His knee bumped into hers when he sat and pulled up his chair.

“Now eat,” she told him, and he suddenly laughed before obeying and taking a bite.

She didn’t know quite what had amused him, but couldn’t stop herself from smiling again—smiling, even though they had no submersible. Smiling simply because he was there.

“I’ve spent every moment this afternoon trying to think of a clever escape. I haven’t yet, though I do know how to avoid the guards outside this cabin.”

Mouth full, he raised his dark brows.

Georgiana tapped the porthole over the table. “We’re fortunate that our abductor is a rich man—or that he has the credit of a rich man. You would never find such large windows on the bow of a poor man’s airship. Not when the glass has to be replaced every time they hit a goose.”

Thom grinned. “That’s a truth.”

“I don’t think we’d have to break it, either.” Which would make far too much noise. She fingered a bolt in the metal frame. “Are your hands strong enough to pull these out?”

Taking another bite, he nodded.

“Then we can climb up outside the hull and onto the deck. We’ll have to surprise whoever is on watch—and maybe take one of the boats.” She sighed. “But I don’t know what to do after that. This flyer will catch up to us. They have every advantage. Weapons. Speed. And I don’t see how to turn that advantage around.”

Her voice broke at the last. Oh, God. It was so hard to remain practical and unaffected when their lives were at stake.

He set his fork down. “We will, Georgie.”
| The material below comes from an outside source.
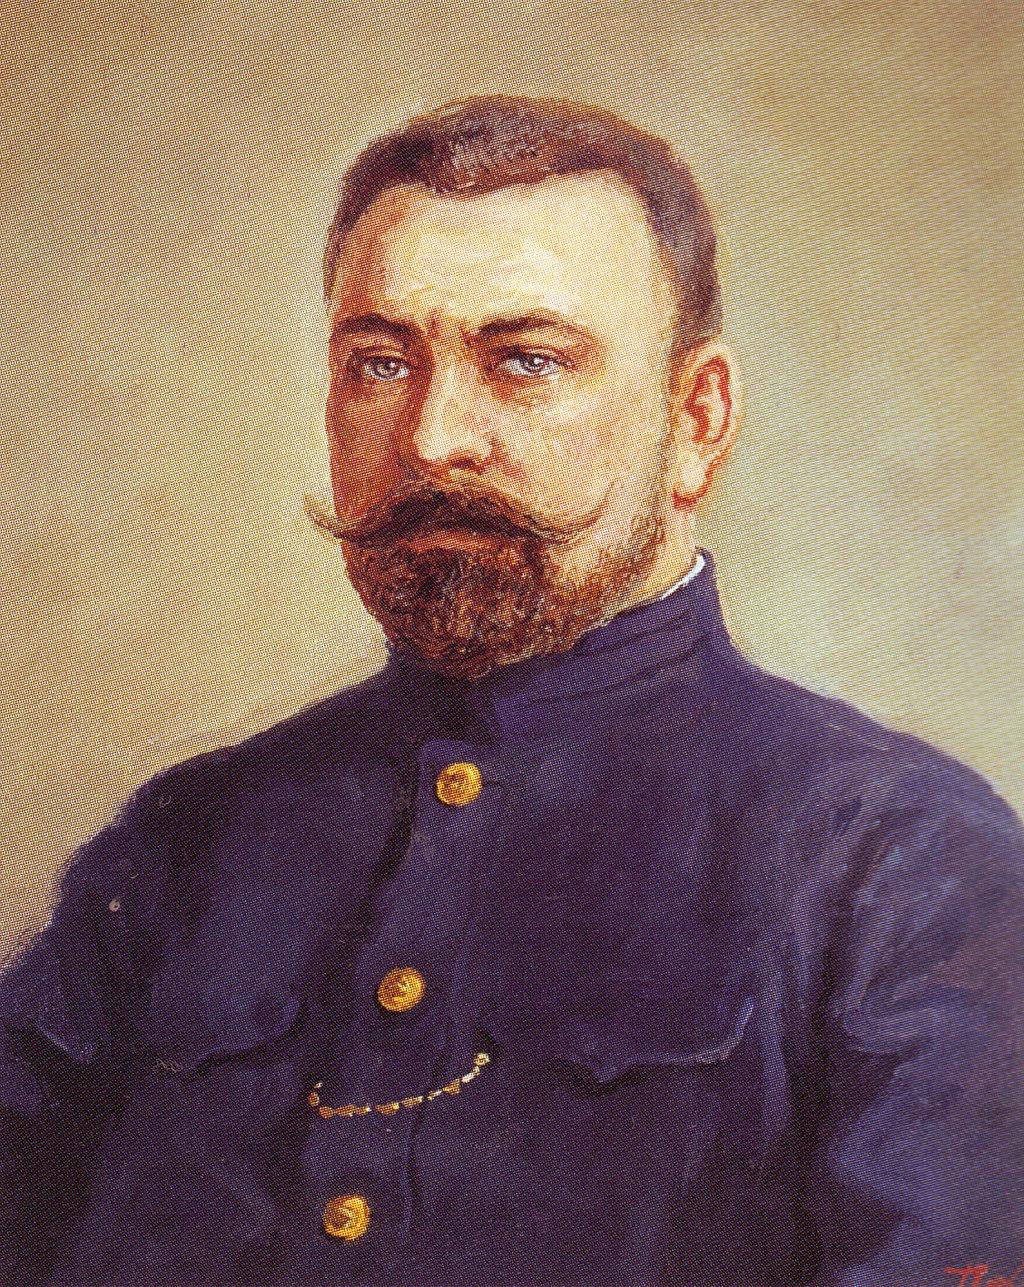 Контр-адмирал Василий Михайлович Альфатер. 2001.jpg
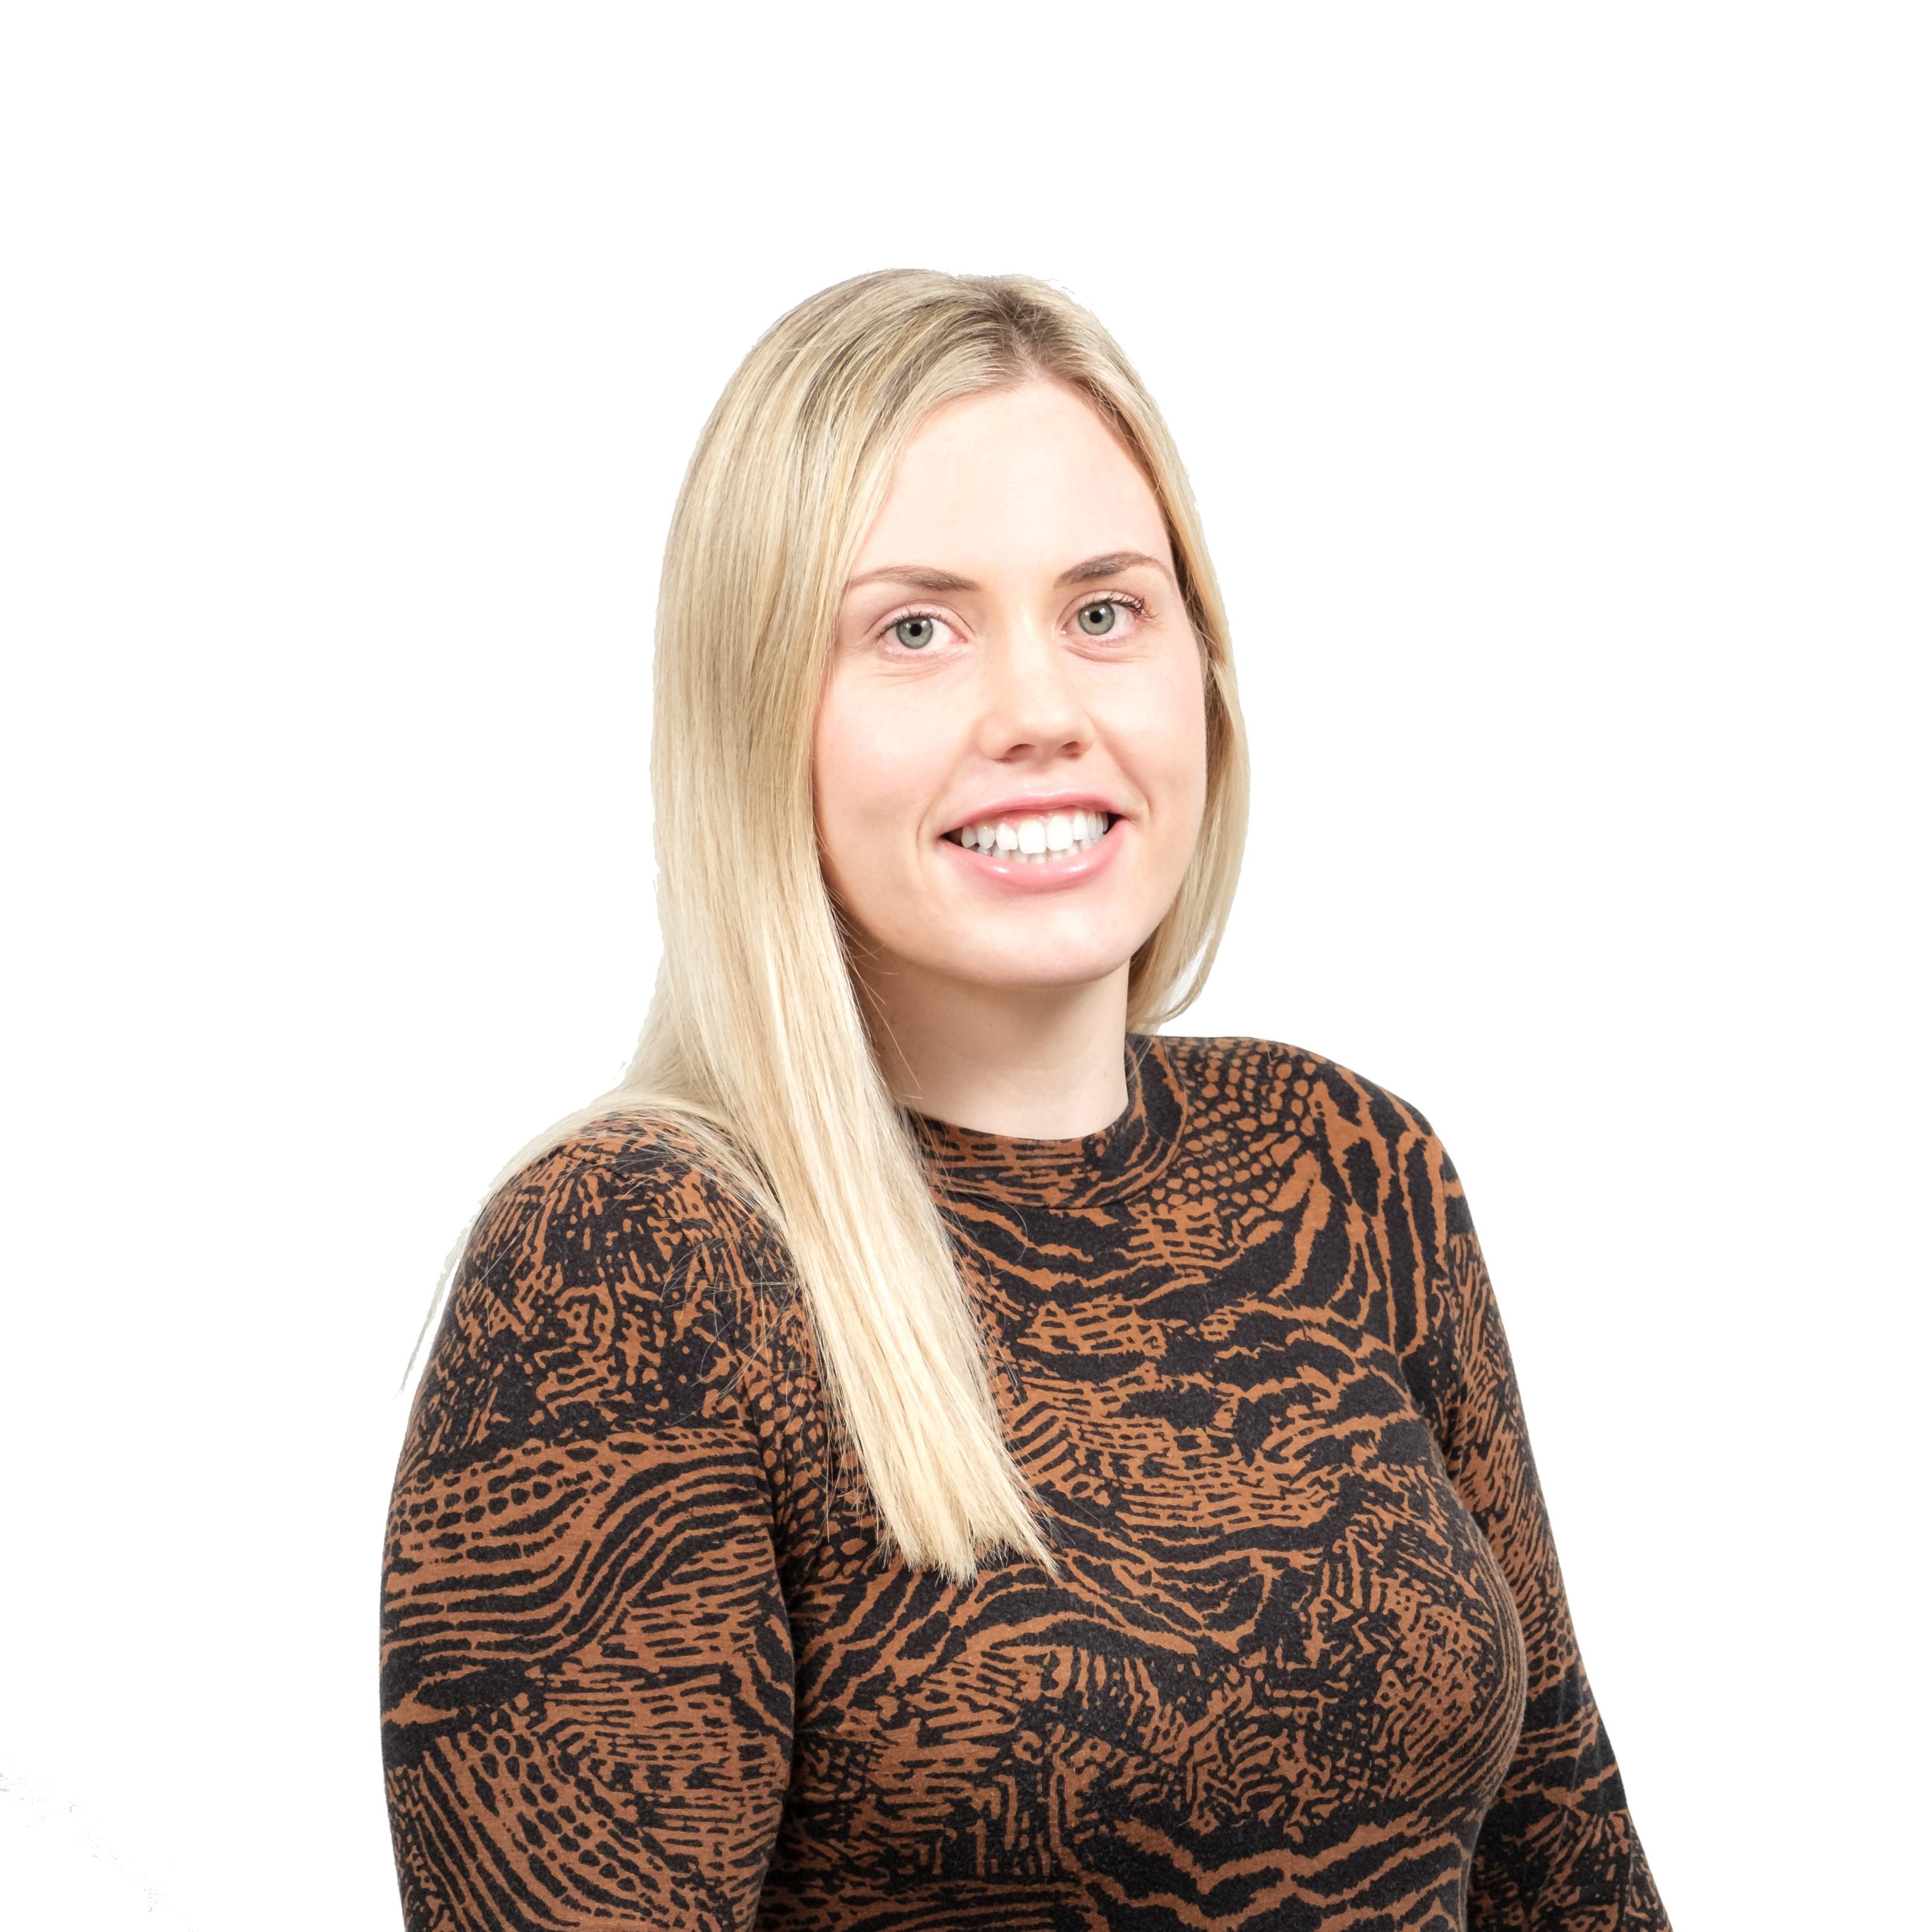 Niamh Connolly

Yes, they would. Trying to gather herself, she drew a deep breath. “Do you think we can delay another day?”

He lifted his gaze to stare out the porthole. Not looking at anything, she knew. Just weighing their chances, as she had been all afternoon.

“Maybe I can bring up just a bit of it, and tell him I have to go back down the next day for the rest. Or we’ll convince him to wait another day so that I can bring up the submersible. If he’s after money, it’s worth a bit. And we’ll take our chances in the boat tomorrow night.”

Her chest tightened. “How far do you think we are from shore?”

Thom was quiet for a long moment. Then he said, “I think we have a better chance in a boat than we do here.”

A long distance, then. She nodded, and despite her best effort to stop them, her eyes suddenly spilled over with tears. Then Thom had her in his arms, holding her in his lap while she sobbed against his neck.

“Georgie, Georgie.” His fingers stroked through her hair, her name a broken murmur in her ear. “I’d kill him again if I could.”